Law professor William Van Alstyne, a leading scholar on free speech and academic freedom, said party affiliation has no place in the faculty hiring process. "The suggestion that one would have to submit a party affiliation as part of identifying one's interest in a department or university itself would immediately raise hackles and suspicion as to why that's deemed to be an appropriate datum to consider at all," he said.

University Counsel David Adcock, who identified himself as a conservative and a former campaign manager for Jesse Helms, called the issue of party affiliation "almost trivial and certainly banal" and "very, very limited" as an indicator of political ideology. He also argued that in two decades at Duke, "I have never encountered one incident where the senior administration of this university has expressed any but sentiment of the highest respect--even almost sacred and aggressive respect--for principles of free speech." He said the key question is whether faculty members, regardless of their own beliefs, do their "duty" of maintaining an open learning environment.

Political science's Michael Munger, however, questioned whether Van Alstyne and Adcock were in a position to witness faculty bias affecting conservative undergraduates. He also said statistics showing a large preponderance of Democrats among faculty in certain Duke departments could not be explained without considering the possibility of bias, even if inadvertent. "The policy is for openness," he said. "The actual expectation is that we'll generally hire liberals."

William Schlesinger, dean of the Nicholas School of the Environment and Earth Sciences, said that in his four-year tenure on Duke's appointments, promotions, and tenure committee, he never saw a case in which a candidate's politics affected the tenure decision. "The process of getting tenure at Duke is based on pure scholarship and its impact in the field," he said. "Politics doesn't play a particularly prominent role in the published scholarly work of cell biology, art history, or English literature."

Vice provost and professor Cathy Davidson asserted that "I've not encountered any Duke faculty member being harassed or discriminated against because he or she is conservative.
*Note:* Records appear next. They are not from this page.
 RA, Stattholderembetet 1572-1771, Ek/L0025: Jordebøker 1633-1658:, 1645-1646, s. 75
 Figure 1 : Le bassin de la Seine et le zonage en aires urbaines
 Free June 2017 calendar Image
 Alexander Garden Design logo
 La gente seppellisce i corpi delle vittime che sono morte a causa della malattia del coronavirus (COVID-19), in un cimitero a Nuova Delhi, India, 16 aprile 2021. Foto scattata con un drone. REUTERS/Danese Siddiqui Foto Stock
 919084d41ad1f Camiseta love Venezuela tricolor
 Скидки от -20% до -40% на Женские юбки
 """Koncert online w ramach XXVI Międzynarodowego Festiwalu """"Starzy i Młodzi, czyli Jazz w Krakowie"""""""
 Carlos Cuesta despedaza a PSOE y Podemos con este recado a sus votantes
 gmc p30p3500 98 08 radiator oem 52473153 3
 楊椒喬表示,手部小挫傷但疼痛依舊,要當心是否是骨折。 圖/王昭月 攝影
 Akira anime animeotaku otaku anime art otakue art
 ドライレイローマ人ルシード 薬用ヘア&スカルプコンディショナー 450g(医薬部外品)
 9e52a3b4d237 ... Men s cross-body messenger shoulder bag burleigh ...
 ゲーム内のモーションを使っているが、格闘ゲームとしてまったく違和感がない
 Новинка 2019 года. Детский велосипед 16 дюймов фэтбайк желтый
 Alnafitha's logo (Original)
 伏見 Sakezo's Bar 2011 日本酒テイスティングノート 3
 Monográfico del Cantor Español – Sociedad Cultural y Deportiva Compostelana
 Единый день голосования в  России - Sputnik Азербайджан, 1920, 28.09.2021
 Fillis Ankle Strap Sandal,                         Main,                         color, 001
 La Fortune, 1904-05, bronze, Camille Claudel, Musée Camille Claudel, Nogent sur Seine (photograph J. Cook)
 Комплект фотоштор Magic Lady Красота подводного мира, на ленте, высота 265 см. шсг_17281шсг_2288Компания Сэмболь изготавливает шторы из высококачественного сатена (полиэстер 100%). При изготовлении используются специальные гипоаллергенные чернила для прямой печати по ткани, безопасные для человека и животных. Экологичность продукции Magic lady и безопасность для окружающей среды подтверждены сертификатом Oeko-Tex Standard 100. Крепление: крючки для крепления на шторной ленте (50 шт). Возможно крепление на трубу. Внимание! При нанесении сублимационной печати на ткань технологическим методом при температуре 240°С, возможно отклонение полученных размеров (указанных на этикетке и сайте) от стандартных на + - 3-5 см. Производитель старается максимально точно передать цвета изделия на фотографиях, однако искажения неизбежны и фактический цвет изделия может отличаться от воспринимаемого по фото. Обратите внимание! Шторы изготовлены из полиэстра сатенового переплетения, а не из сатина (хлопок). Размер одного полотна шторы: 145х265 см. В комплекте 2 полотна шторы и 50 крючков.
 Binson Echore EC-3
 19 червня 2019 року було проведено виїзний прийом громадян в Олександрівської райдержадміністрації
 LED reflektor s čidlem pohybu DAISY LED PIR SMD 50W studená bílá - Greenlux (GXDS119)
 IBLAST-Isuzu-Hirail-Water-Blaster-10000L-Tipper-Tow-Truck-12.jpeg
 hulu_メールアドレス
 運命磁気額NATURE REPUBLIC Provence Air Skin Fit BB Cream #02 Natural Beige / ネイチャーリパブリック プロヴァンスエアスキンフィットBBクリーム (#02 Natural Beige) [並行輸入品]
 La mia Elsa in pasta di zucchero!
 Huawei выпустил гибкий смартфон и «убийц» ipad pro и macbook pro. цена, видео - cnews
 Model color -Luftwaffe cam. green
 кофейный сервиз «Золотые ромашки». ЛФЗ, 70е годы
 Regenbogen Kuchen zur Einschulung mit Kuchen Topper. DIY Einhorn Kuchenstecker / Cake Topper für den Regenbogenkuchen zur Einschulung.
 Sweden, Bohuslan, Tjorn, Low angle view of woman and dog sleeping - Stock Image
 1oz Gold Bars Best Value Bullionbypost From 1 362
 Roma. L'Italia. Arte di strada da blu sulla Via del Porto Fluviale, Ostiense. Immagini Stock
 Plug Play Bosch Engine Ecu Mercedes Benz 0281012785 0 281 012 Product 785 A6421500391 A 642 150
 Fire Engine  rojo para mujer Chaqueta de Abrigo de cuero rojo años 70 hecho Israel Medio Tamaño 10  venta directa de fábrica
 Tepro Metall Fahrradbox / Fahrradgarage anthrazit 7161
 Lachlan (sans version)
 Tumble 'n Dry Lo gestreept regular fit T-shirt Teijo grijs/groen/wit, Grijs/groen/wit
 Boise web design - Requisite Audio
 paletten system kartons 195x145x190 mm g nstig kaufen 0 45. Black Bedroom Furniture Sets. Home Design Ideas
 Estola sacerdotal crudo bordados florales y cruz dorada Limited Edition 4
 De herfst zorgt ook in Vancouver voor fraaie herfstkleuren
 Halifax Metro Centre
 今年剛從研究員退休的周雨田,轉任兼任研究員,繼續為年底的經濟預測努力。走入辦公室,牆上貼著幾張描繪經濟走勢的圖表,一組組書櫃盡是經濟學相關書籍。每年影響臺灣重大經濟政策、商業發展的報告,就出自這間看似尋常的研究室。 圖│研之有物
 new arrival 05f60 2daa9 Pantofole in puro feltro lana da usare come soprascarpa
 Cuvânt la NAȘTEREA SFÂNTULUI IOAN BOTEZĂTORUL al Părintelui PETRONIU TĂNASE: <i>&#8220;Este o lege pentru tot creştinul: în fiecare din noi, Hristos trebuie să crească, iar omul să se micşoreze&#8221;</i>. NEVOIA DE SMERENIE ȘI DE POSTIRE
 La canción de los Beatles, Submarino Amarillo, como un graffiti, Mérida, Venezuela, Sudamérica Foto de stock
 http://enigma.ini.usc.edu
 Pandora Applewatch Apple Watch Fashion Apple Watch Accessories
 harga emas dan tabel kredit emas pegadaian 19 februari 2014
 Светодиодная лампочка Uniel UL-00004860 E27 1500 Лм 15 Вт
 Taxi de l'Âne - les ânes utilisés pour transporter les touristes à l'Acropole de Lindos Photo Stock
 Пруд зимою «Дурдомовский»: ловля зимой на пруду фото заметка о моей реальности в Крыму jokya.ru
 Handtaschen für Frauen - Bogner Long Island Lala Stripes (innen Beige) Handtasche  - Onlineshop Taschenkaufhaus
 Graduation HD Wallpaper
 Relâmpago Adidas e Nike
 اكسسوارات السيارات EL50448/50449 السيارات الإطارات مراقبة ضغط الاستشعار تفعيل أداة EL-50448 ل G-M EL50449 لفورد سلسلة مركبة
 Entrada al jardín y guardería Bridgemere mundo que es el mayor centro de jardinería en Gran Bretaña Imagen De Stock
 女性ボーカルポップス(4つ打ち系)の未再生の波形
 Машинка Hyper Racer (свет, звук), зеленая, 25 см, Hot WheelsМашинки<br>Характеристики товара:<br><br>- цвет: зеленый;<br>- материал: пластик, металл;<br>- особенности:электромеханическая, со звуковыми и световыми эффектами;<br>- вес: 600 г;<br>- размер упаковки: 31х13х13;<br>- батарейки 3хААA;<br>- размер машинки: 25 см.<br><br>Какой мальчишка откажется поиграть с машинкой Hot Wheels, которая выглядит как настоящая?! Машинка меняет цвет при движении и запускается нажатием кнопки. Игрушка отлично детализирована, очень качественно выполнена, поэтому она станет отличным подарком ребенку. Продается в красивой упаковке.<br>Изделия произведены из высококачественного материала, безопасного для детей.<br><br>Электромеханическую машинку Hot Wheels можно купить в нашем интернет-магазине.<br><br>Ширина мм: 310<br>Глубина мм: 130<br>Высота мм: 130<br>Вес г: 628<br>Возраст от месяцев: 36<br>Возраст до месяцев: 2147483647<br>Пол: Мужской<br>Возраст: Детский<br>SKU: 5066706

Nor have I ever heard of students being so discriminated against or harassed." She also said that no one should be surprised if Republicans--known for their belief in the free market and capitalist values--gravitate to fields that pay better than academic careers. "If there were an enormous infusion of capital into education, such that salaries for the nation's very, very best college teachers rival that of our nation's top lawyers or doctors or CEOs or stockbrokers, we well might have more Republicans teaching French," she noted.

During the question period, a few students spoke of times when their professors articulated their political views in a way that made them feel uncomfortable. Faculty members expressed concern about proposed national legislation that might limit academic freedom, and several people reminded the audience that party affiliations can include more than Democrats and Republicans.